Fundamentals of High-Level Synthesis Part 2: Concurrency vs Parallelism

Concurrency and parallelism are two main concepts in high-level synthesis (HLS) design flow that their understanding is crucial in implementing an algorithm efficiently on FPGAs.

Whereas concurrency is a concept at the level of algorithm, parallelism is a hardware-dependent concept. For example, Let’s consider the two L1 and L2 for-loops in the following snippet code. As there is not any data or control dependency between them, they are concurrent and potentially can be executed in parallel. However, their parallel execution depends on the underlying computational platform.

L1:for (int i=0; i < N; i++)
     c[i]= a[i]+b[i]
L2:for (int j=0; j < M; j++)
     d[j]= e[j]*f[j]

If there is only one ALU to perform the addition and multiplication, then these loops should be executed sequentially one after the other or their iterations can be interleaved and run serially. If there is more ALUs available, then the two loops can be performed in parallel. Therefore, the amount of parallelism extracted from a concurrent code depends on the underlying hardware resources. Note that as loop iterations are independent, the concurrency can also be explored among the iterations of each loop. The interested reader can think about different cases of parallelism in implementing the loop iterations. Fig. 2 illustrates only a few cases.

The main goal of an ideal HLS tool is transforming the concurrency in an algorithm into parallelism in the underlying hardware, automatically, without any help from designers. If there were an infinite amount of hardware resources without any overhead (or cost), then transforming the concurrency to parallelism would be a trivial task. But, because of limited computational and memory resources on the target FPGAs and their associated costs, the HLS tool should solve difficult optimisation problems, which several of them are NP-hard.

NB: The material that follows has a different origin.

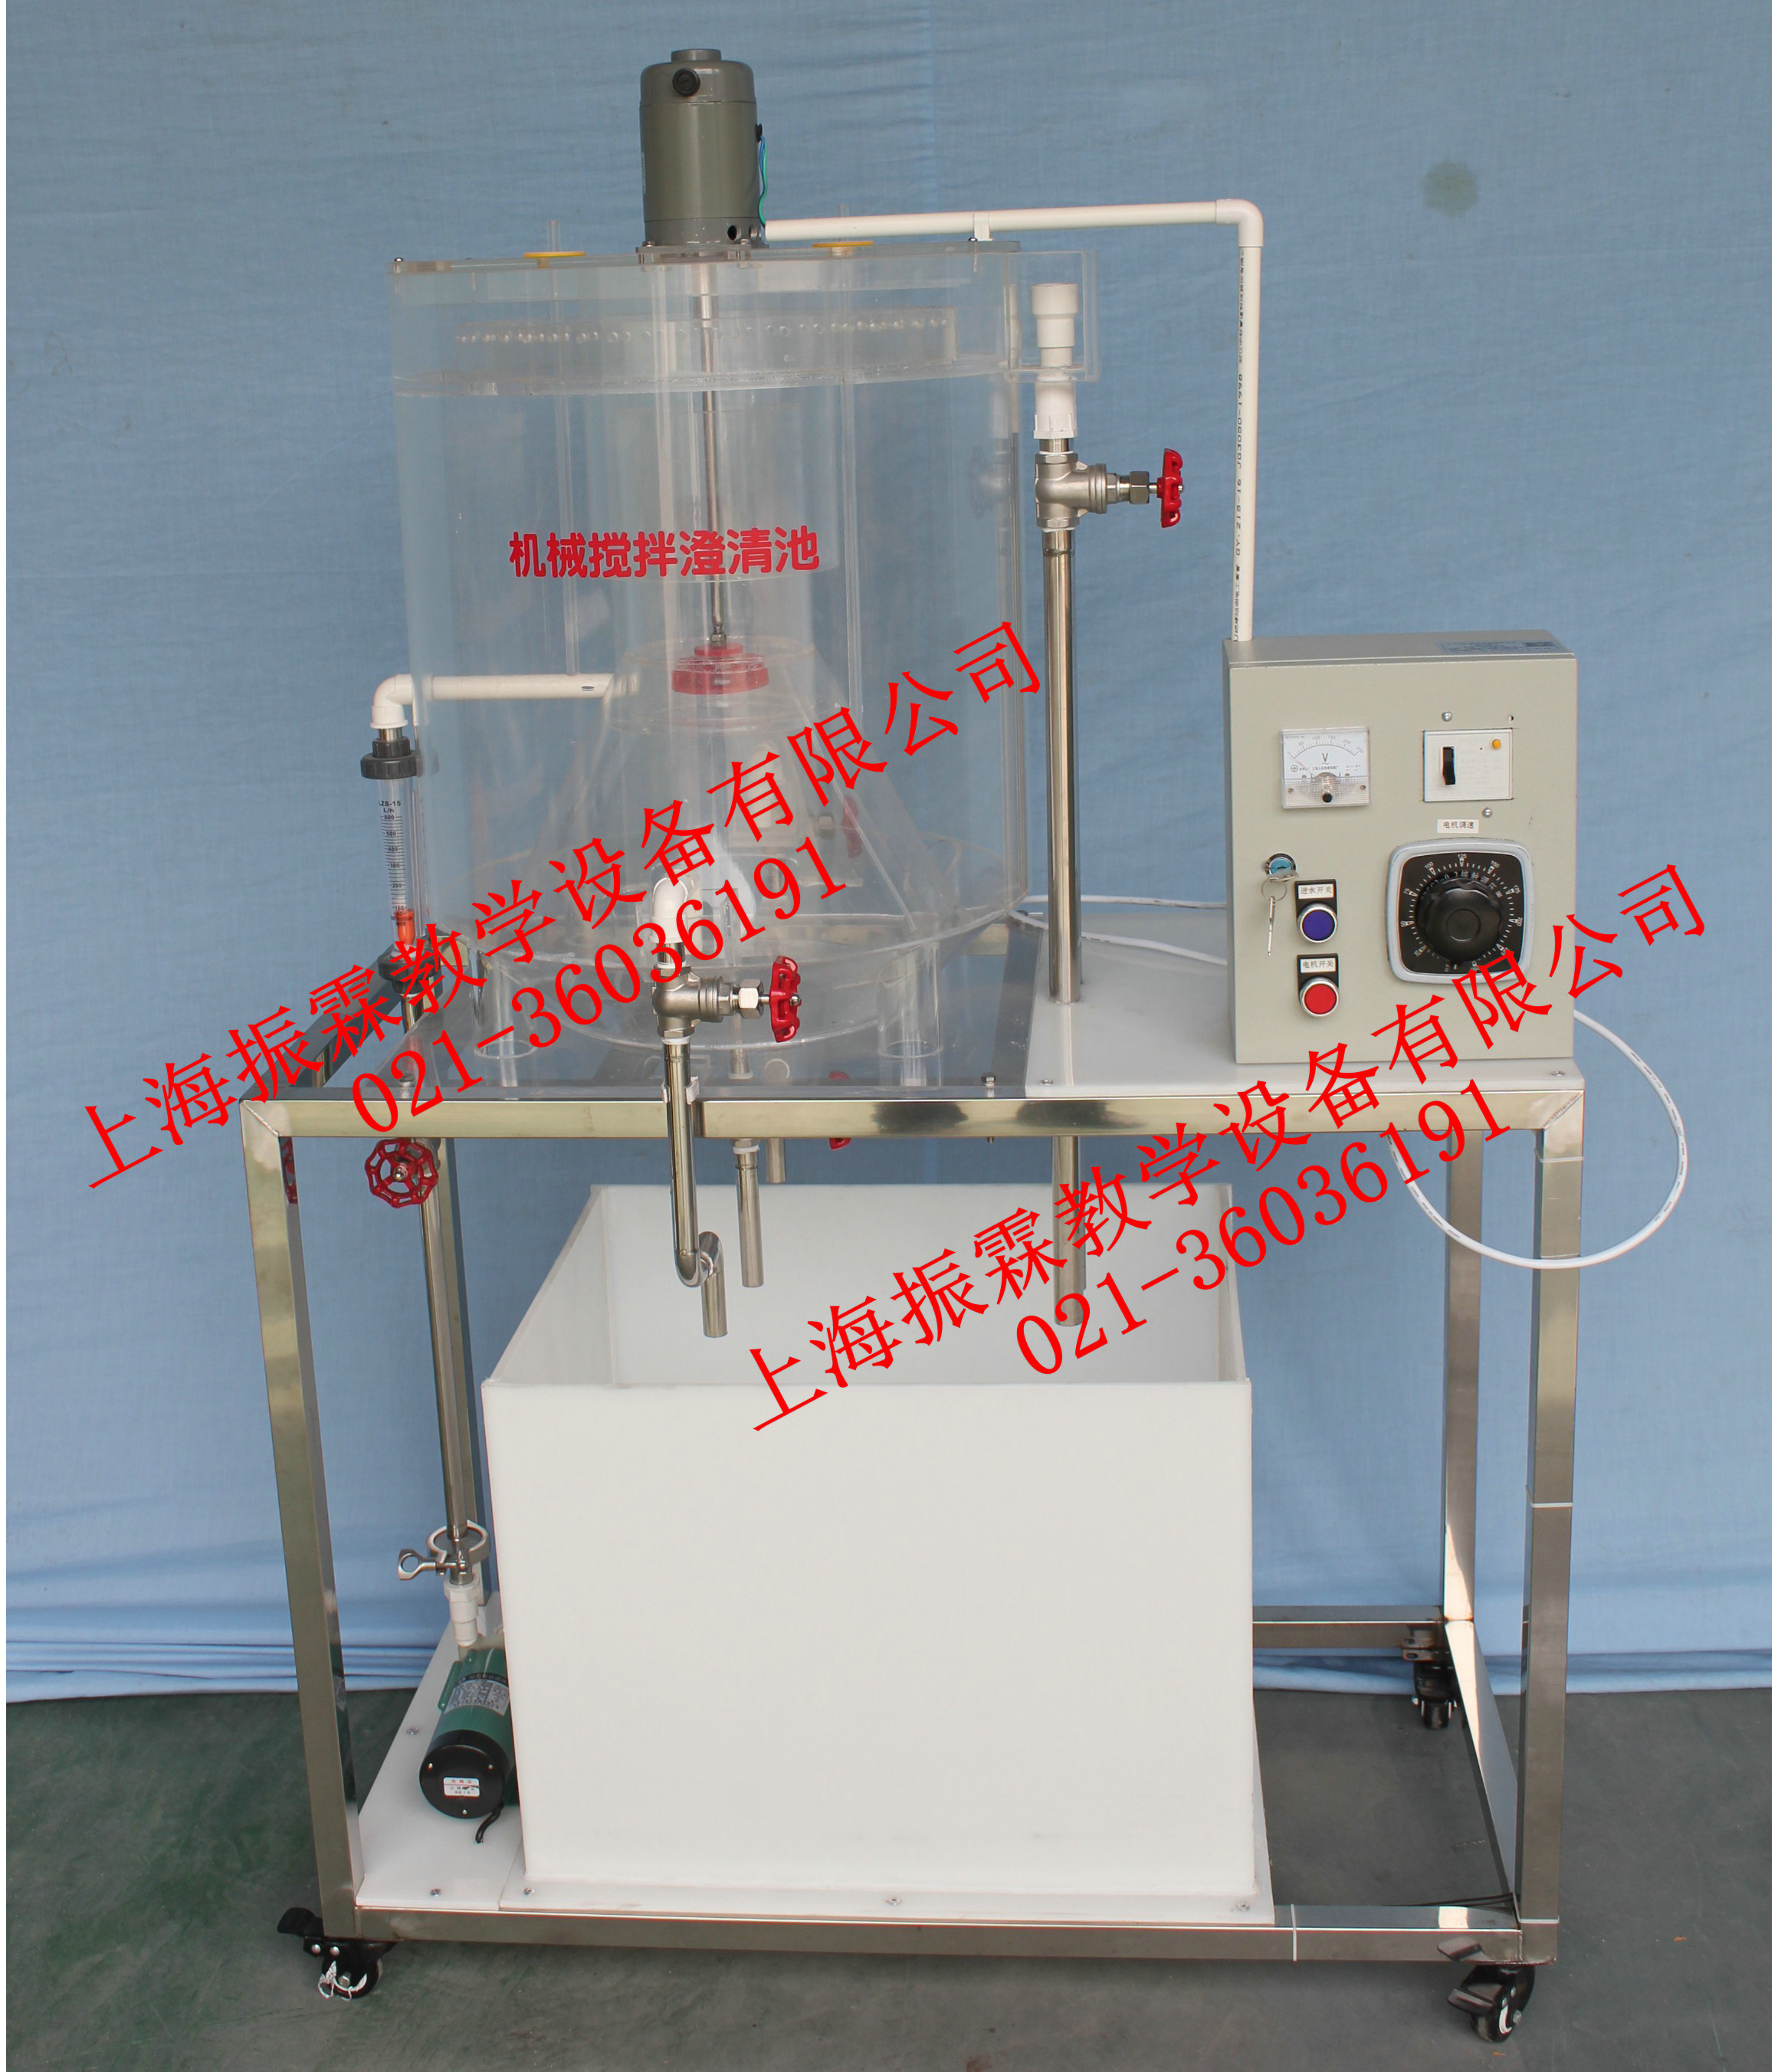 机械加速澄清池装置-水质处理实验设备--上海振霖公司

As shown in Fig. 3, constraints describe the hardware resources limitations, and the HLS tools use them as a model of the hardware (along with the cost model). Since HLS tools are not ideal, designers usually should help the compilers to do their tasks efficiently. This help is generally added to the code in two forms: Firstly, the code should follow a coding style suitable for the hardware. Secondly, designers should add compiler directives (e.g., pragmas) to the algorithm code to tell the compiler more information about the appropriate underlying hardware parallelism of the final hardware microarchitecture.

Fig. 3 Concurrency-Parallelism transformation

Note that, it is better to understand the concurrency in an algorithm and techniques to model that. Having these models in mind, designers can systematically choose an efficient coding style and proper compiler directives.

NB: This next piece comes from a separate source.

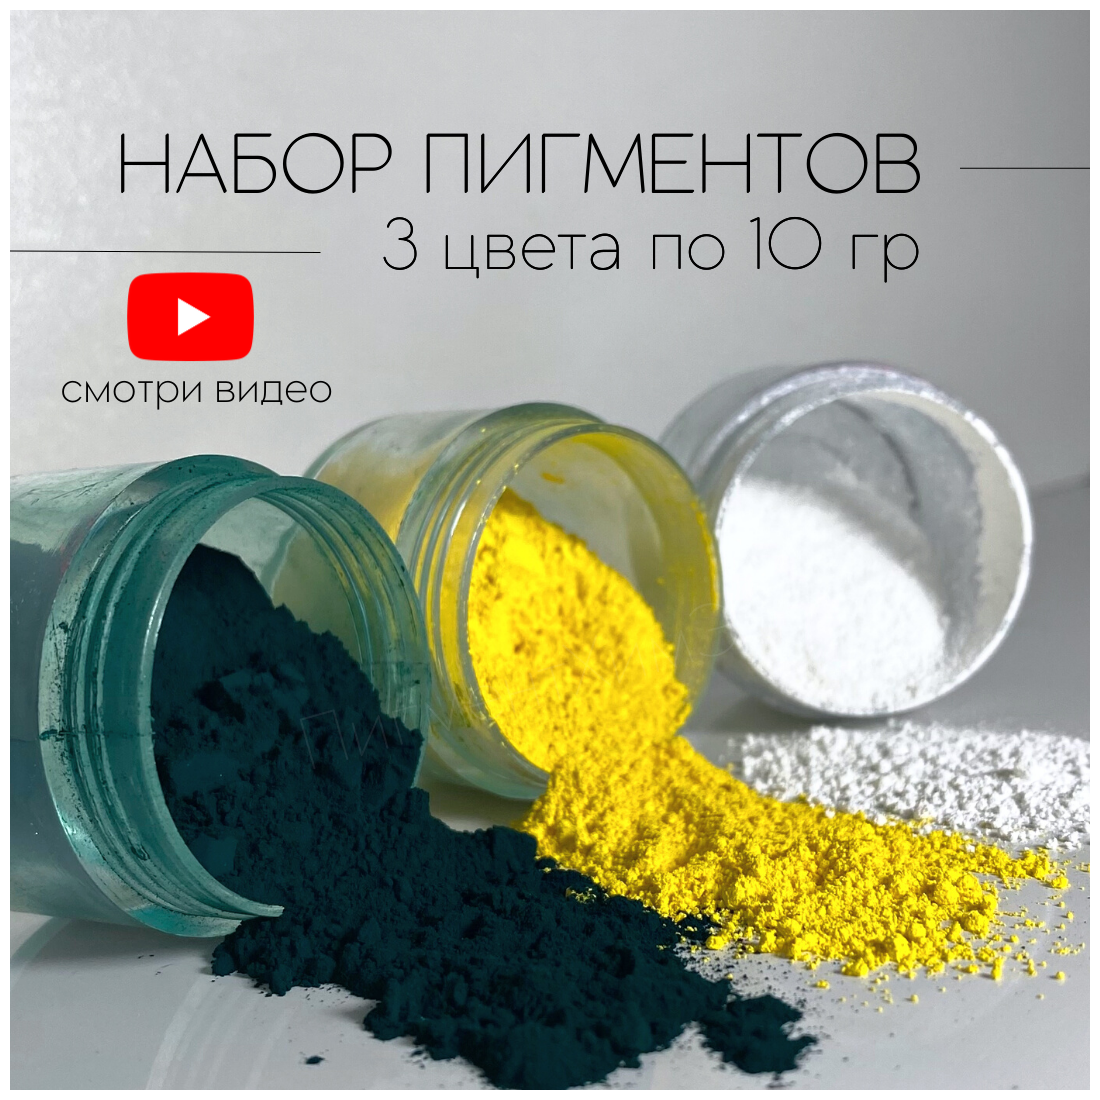 Набор пигментов 3 цвета по 10 гр (белый, изумрудный, лимонный) железооксидных для ЛКМ, бетона, гипса, эпоксидной смолы - фотография № 1

Concurrency is all about the variable dependency among statements, instructions, or blocks in an algorithm that determines they can perform together. This dependency comes in two different forms: data dependency and control dependency.

Data dependency: If two statements access the data in the same variable (whether for reading or writing), then there is a data dependency between them. This dependency can have different forms. The simplest one is when one statement writes to a variable, and another read that variable. For example, consider the following instructions in an algorithm code. The first instruction writes into the x variable. And the second one reads the result. This dependency is called flow (or true) dependency and prevents the two statements from performing at the same time. Therefore, they are generally not concurrent.

…
 s1: x = b + c;
 s2: y = a + e;
…

The data dependency can be modelled by a graph illustrated in Fig. 5, which shows the execution flow of statements. As can be seen, statement s2 must be run after s1.

Control dependency: If the execution of two statements is controlled by a third statement such as a conditional if, then two statements may not perform concurrently. The following code is a simple example.

…
 s1: if (a < 2) {
 s2:   x = y + z;
 s3: } else {
 s4:   t = p + t
 s5: }
 s6: z=x+t ;
…

Although the s2 and s3 statements are independent, they cannot be concurrent as always only one of them should be executed. In this case, the s1 instruction controls this selection.